#Research question: Can we categorize the cancer cells in the data set into homogeneous groups based on four cluster variables (radius, texture, perimeter and area)?
mydata <- read.csv("C:/Users/nadja/Downloads/breast-cancer-wisconsin-data_data.csv")
#Excluding unimportant variables
mydata<- mydata[, -c(7:33)]
head(mydata)
## id diagnosis radius_mean texture_mean perimeter_mean area_mean
## 1 842302 M 17.99 10.38 122.80 1001.0
## 2 842517 M 20.57 17.77 132.90 1326.0
## 3 84300903 M 19.69 21.25 130.00 1203.0
## 4 84348301 M 11.42 20.38 77.58 386.1
## 5 84358402 M 20.29 14.34 135.10 1297.0
## 6 843786 M 12.45 15.70 82.57 477.1
##Description
Unit of observation: a cancer cell
Sample size: 569
Diagnosis - The diagnosis of breast tissues (M = malignant, B = benign)

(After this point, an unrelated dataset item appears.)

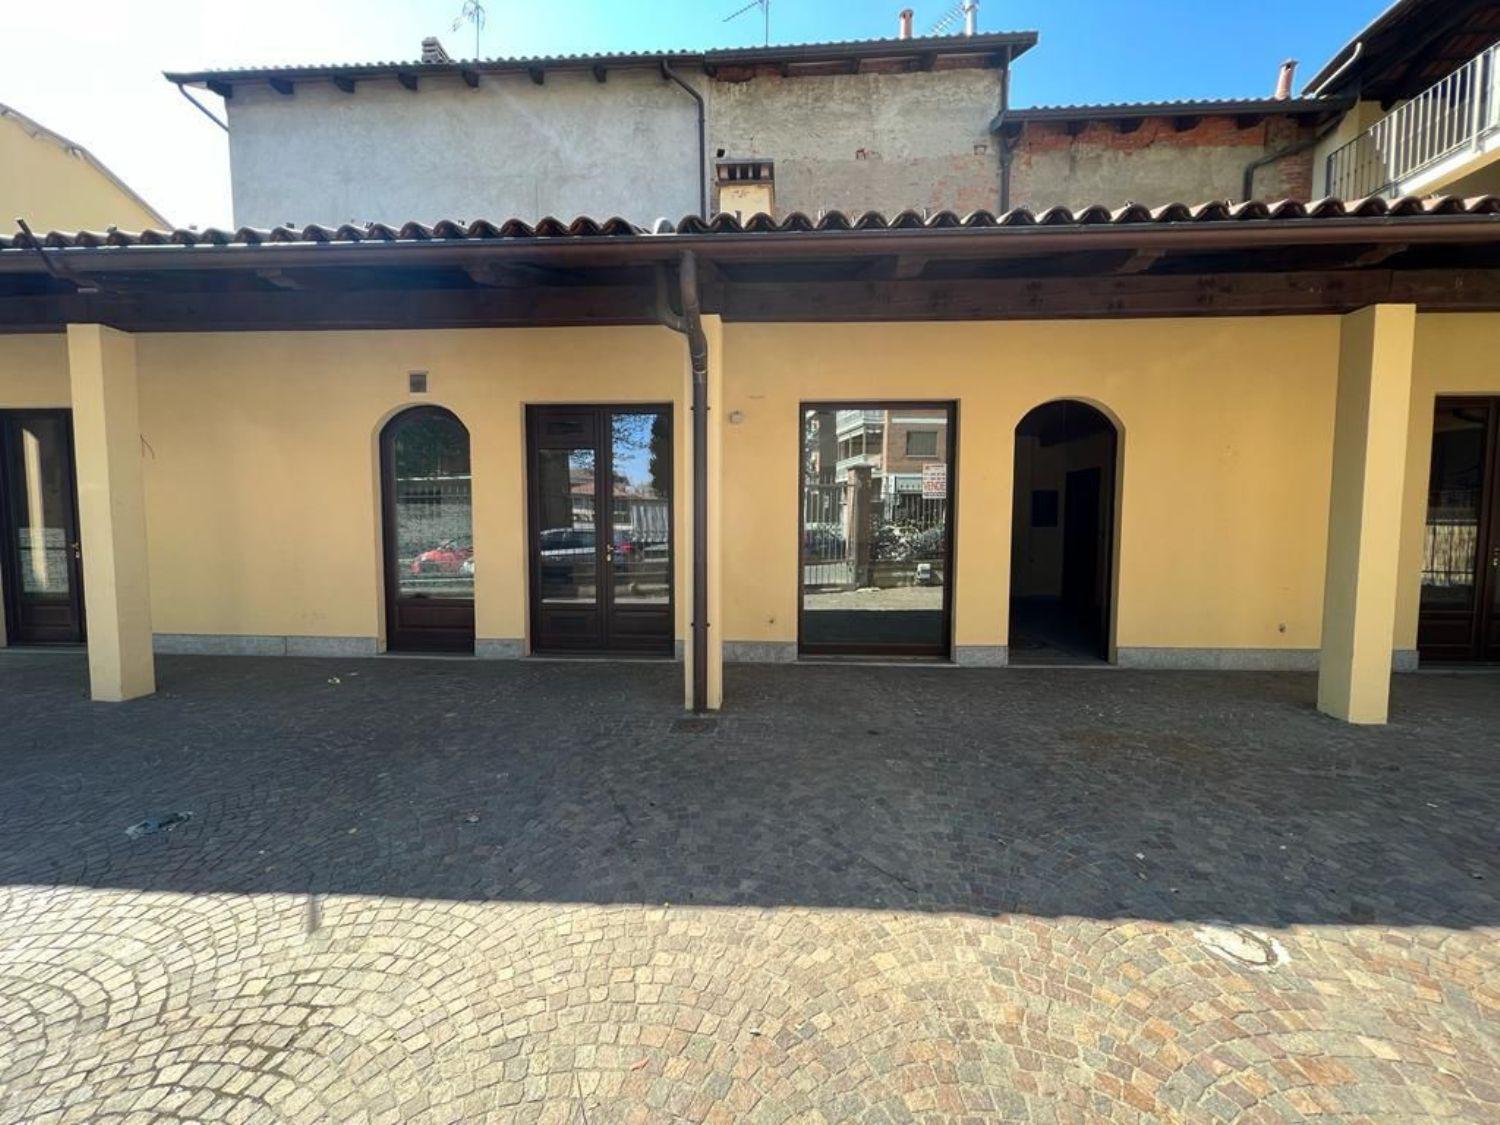 Immobile Commerciale in affitto a Ciriè, 1 locali, prezzo € 1.500 | CambioCasa.it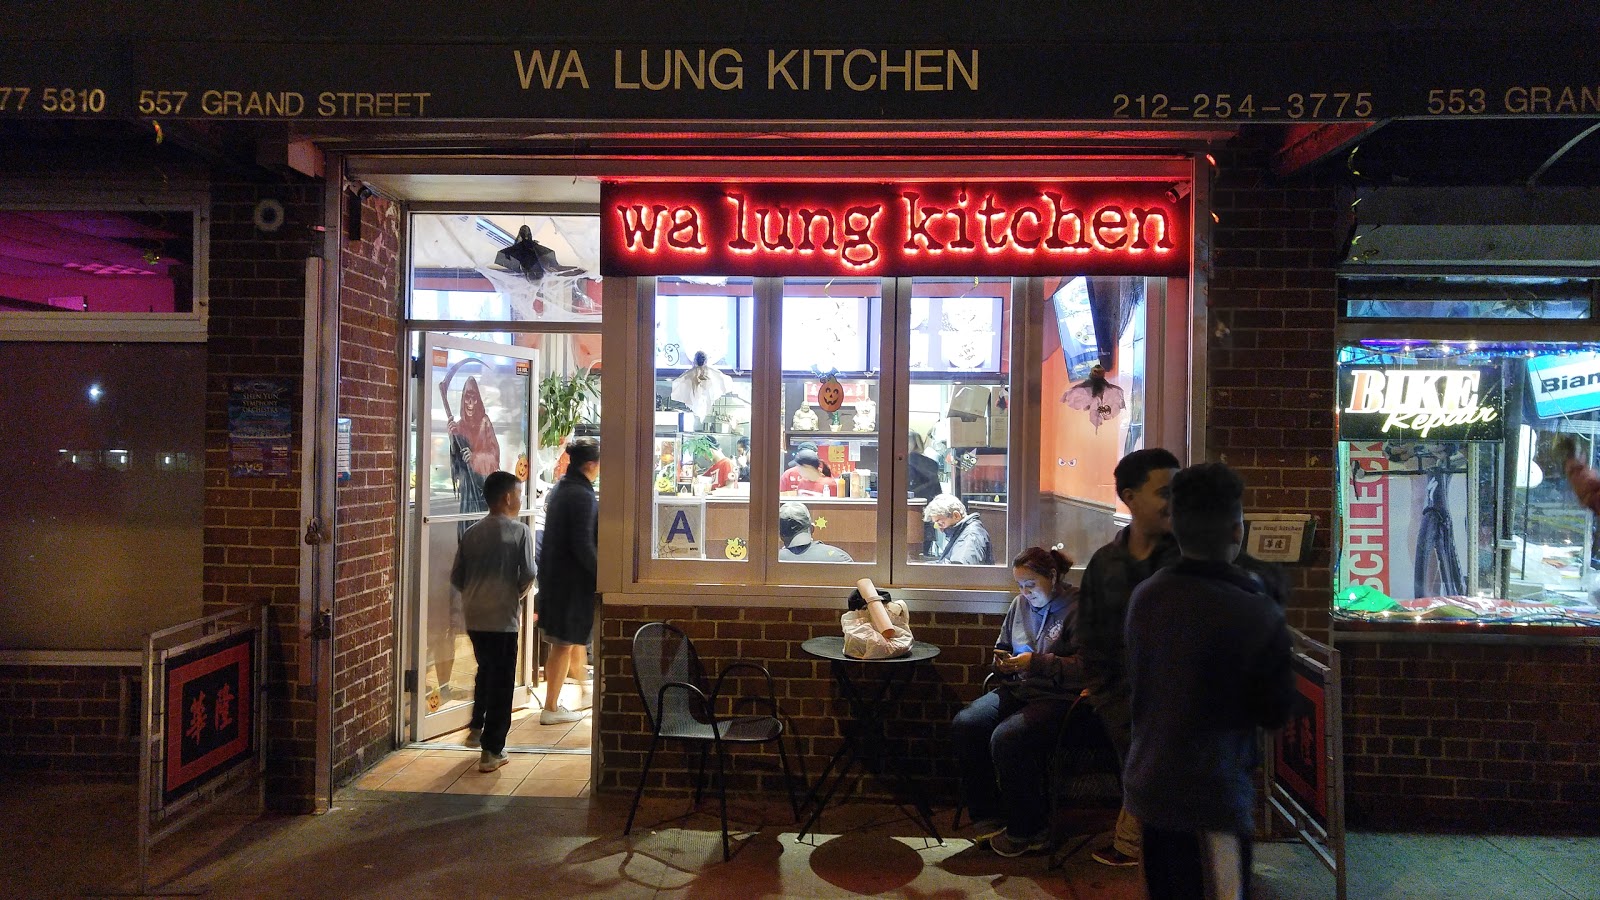 Wa Lung Kitchen Chinese restaurant in 557 Grand St, Manhattan, New York

Radius_mean - mean of distances from center to points on the perimeter in millimeter
Texture_mean - standard deviation of gray-scale values
Perimeter_mean - mean size of the core tumor in millimeter
Area_mean - e average area (size) of the cell nuclei in millimeter
##Data manipulation and Descriptive statistics
library(tidyr)
mydata <- drop_na(mydata) #Removing units with missing values
mydata$diagnosisF <- factor(mydata$diagnosis,
levels = c("M", "B"),
labels = c("Malignant","Benign"))
head(mydata)
## id diagnosis radius_mean texture_mean perimeter_mean area_mean
## 1 842302 M 17.99 10.38 122.80 1001.0
## 2 842517 M 20.57 17.77 132.90 1326.0
## 3 84300903 M 19.69 21.25 130.00 1203.0
## 4 84348301 M 11.42 20.38 77.58 386.1
## 5 84358402 M 20.29 14.34 135.10 1297.0
## 6 843786 M 12.45 15.70 82.57 477.1
## diagnosisF
## 1 Malignant
## 2 Malignant
## 3 Malignant
## 4 Malignant
## 5 Malignant
## 6 Malignant
library(tidyr)
summary(mydata[,c(-1,-2)]) #Descriptive statistics (excluding categorical data)
## radius_mean texture_mean perimeter_mean area_mean
## Min. : 6.981 Min. : 9.71 Min. : 43.79 Min. : 143.5
## 1st Qu.:11.700 1st Qu.:16.17 1st Qu.: 75.17 1st Qu.: 420.3
## Median :13.370 Median :18.84 Median : 86.24 Median : 551.1
## Mean :14.127 Mean :19.29 Mean : 91.97 Mean : 654.9
## 3rd Qu.:15.780 3rd Qu.:21.80 3rd Qu.:104.10 3rd Qu.: 782.7
## Max. :28.110 Max. :39.28 Max. :188.50 Max. :2501.0
## diagnosisF
## Malignant:212
## Benign :357
##
##
##
##
The lowest area of cell nuclei is 143.5 milimetars, while the biggest area is 2501mm.
The first quartile, or 25th percentile, signifies that 25% of the areas of cell nuclei are less than or equal to 4203mm.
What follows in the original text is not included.